How partisan gerrymandering alone could give Republicans a House majority in the 2022 midterms: report
When it comes to trying to recapture the U.S. House of Representatives in the 2022 midterms, Republicans have a variety of dirty tricks — from voter suppression to racism to partisan gerrymandering. And gerrymandering alone, as reporter David Daley explains in an article published by The Guardian on June 28, could give Republicans a House majority come January 2023.
In the 2018 midterms, Democrats enjoyed a major blue wave in the House — where they had a net gain of 40 seats. The House majority shrunk, however, in 2020, and redistricting could easily give Republicans an unfair advantage in 2022.
Daley, author of the books "Ratf**ked: Why Your Vote Doesn't Count" and "Unrigged: How Americans Are Battling Back to Save Democracy," notes that Rep. Ronny Jackson of Texas, a Republican, was being honest when he recently said, "We have redistricting coming up, and the Republicans control most of that process in most of the states around the country. That alone should get us the majority back." And Daley warns that the House could see gerrymandering on steroids by the time the 2022 midterms arrive.
According to Daley, "Republicans won't have to win more votes next year to claim the U.S. House. In fact, everyone could vote the exact same way for Congress next year as they did in 2020 — when Democratic candidates nationwide won more than 4.7m votes than Republicans and narrowly held the chamber — but under the new maps that will be in place, the Republican Party would take control."
Daley points out that in 2022, the GOP will need to flip at least five Democrat-held House seats in order to obtain a majority — and Republicans could "draw themselves a dozen or more through gerrymandering alone.
"Republicans could create at least two additional red seats in Texas and North Carolina, and another certain two in Georgia and Florida — then could nab another in Kansas, Kentucky, Tennessee and New Hampshire," Daley explains. "They won't need to embrace policies favored by a majority of Americans. All they need to do is rework maps to their favor in states where they hold complete control of the decennial redistricting that follows the (2020 U.S.) Census, some of which they have held since they gerrymandered them ten years ago. Now, they can double down on the undeserved majorities that they have seized and dominate another decade."
Some liberals and progressives have argued that Democrats should fight fire with fire and do some gerrymandering of their own, but according to Dale, Republicans have the advantage in the gerrymandering department.

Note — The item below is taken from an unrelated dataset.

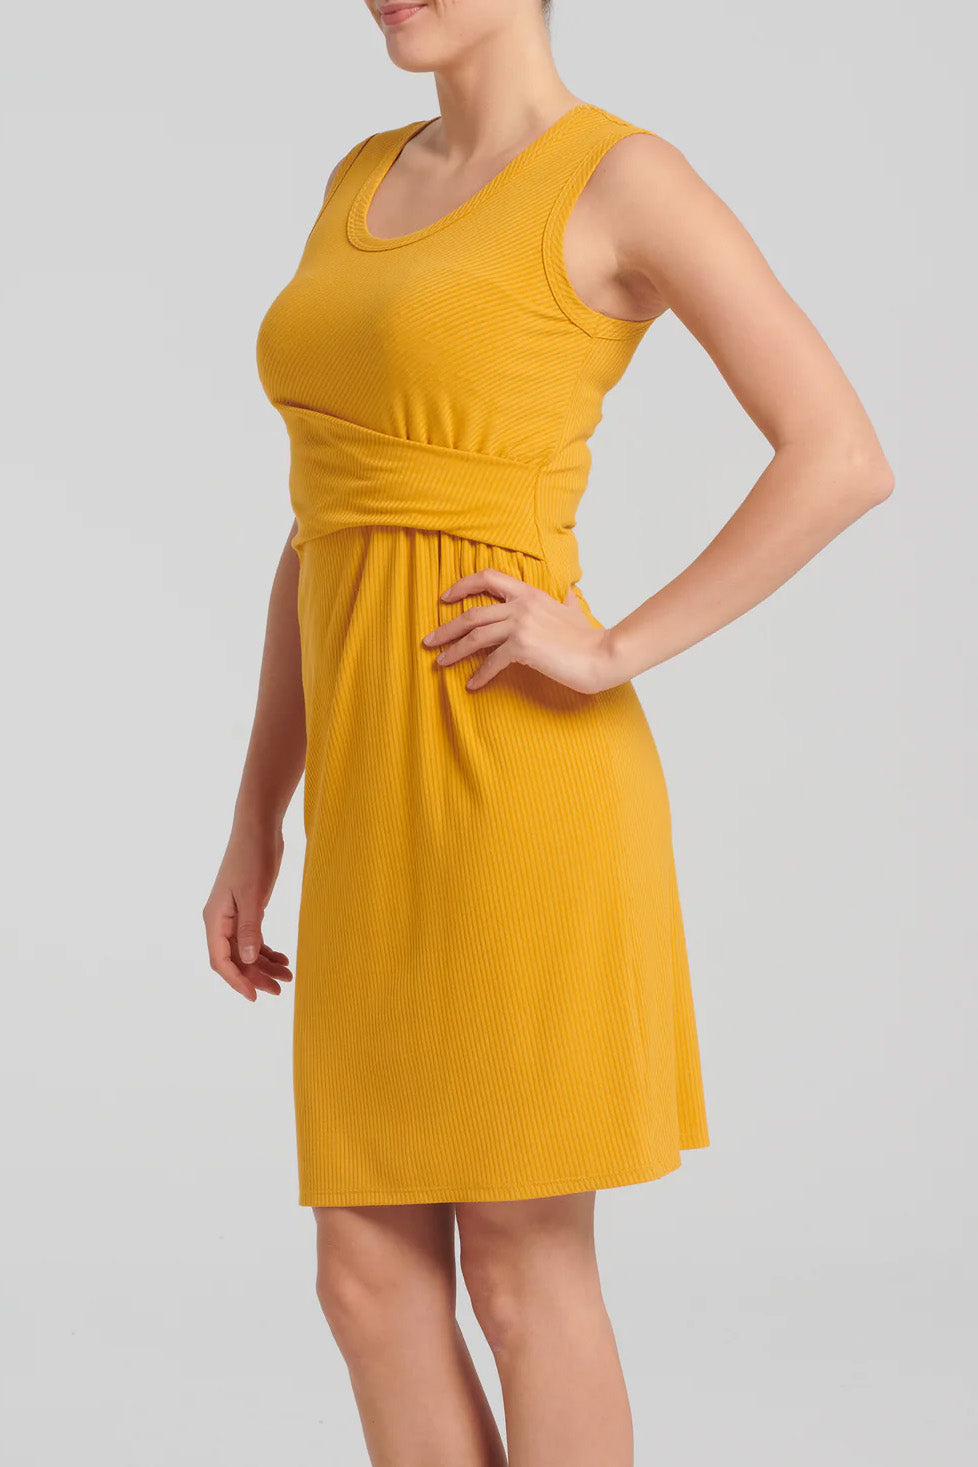 Saranya Dress by Kollontai, Topaz, side view, sleeveless, scoop neck, wide straps, bamboo rib-knit, pleat details at waist, straight cut, knee length, sizes XS to XXL, made in Quebec

"Democrats might look to squeeze a couple seats from New York and one additional seat from Illinois and possibly Maryland," Daley observes. "But that's scarcely enough to counter the overall GOP edge. In Colorado, Oregon and Virginia, states controlled entirely by Democrats, the party has either created an independent redistricting commission or made a deal to give Republicans a seat at the table."
Daley adds, "Commissions also draw the lines in other Democratic strongholds like California, Washington and New Jersey. There are no seats to gain in overwhelmingly blue states like Massachusetts, New Mexico and Connecticut."